File 'IMDB_Processed_Comparison.csv' has been generated successfully.


### Regular Expressions (Regex) Explanation

#### 1. HTML Tag Removal
**Code:** `re.sub(r'<[^>]*>', ' ', text)`

**Translation:** "Find any text that starts with `<` and ends with `>`, and replace it with a space."

| Symbol | Function |
| :--- | :--- |
| **`<`** | Matches the starting angle bracket. |
| **`[^>]*`** | Matches any character that is **NOT** a closing bracket (`>`), repeated zero or more times. |
| **`>`** | Matches the closing angle bracket. |

* **Before:** `"This movie<br />was terrible."`
* **After:** `"This movie was terrible."`

---

#### 2. Grammar Fixer (The "Space Inserter")
**Code:** `re.sub(r'(?<=[.,!?])(?=[a-zA-Z])', ' ', text)`

**Translation:** "Find the **position** right after a punctuation mark and right before a letter, and insert a space there."

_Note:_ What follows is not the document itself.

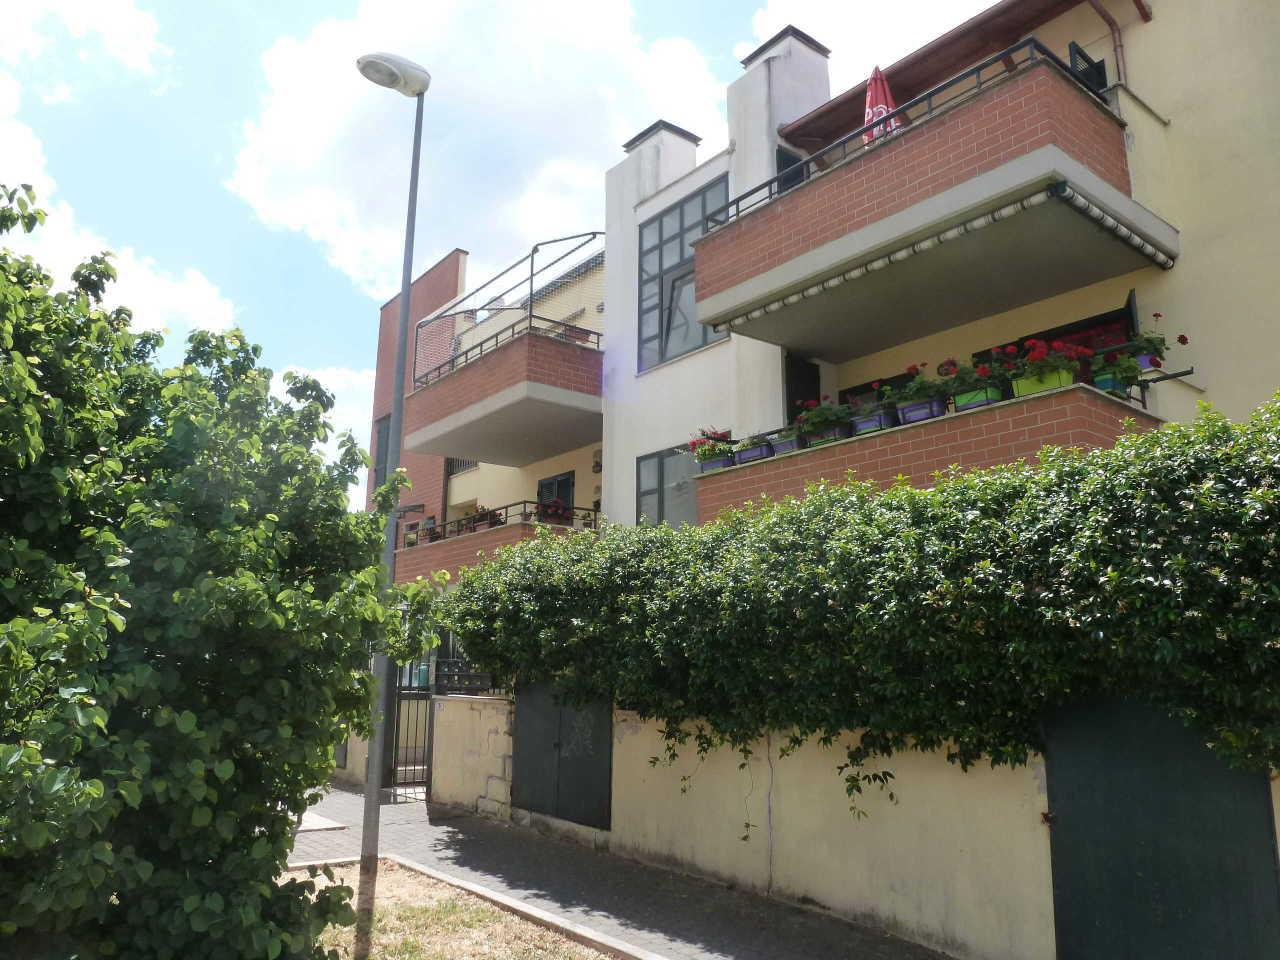 Appartamento in vendita a Grottaferrata, 6 locali, prezzo € 225.000 | CambioCasa.it

This uses **Lookarounds** (Zero-width assertions). It doesn't consume characters; it only checks boundaries.

| Symbol | Name | Function |
| :--- | :--- | :--- |
| **`(?<=...)`** | **Positive Lookbehind** | Checks if the previous character matches the set `[.,!?]`. |
| **`(?=...)`** | **Positive Lookahead** | Checks if the next character matches a letter `[a-zA-Z]`. |

* **Why?** Many reviews have typos like `"movie.It"` which confuse NLP models.
* **Before:** `"I loved the film.It was great."`
* **After:** `"I loved the film. It was great."`

---

#### 3. Smart Special Character Cleaning
**Code:** `re.sub(r'[^a-zA-Z0-9\s.,!?\'"]', '', text)`

**Translation:** "Delete any character that is **NOT** a letter, number, space, or standard punctuation mark."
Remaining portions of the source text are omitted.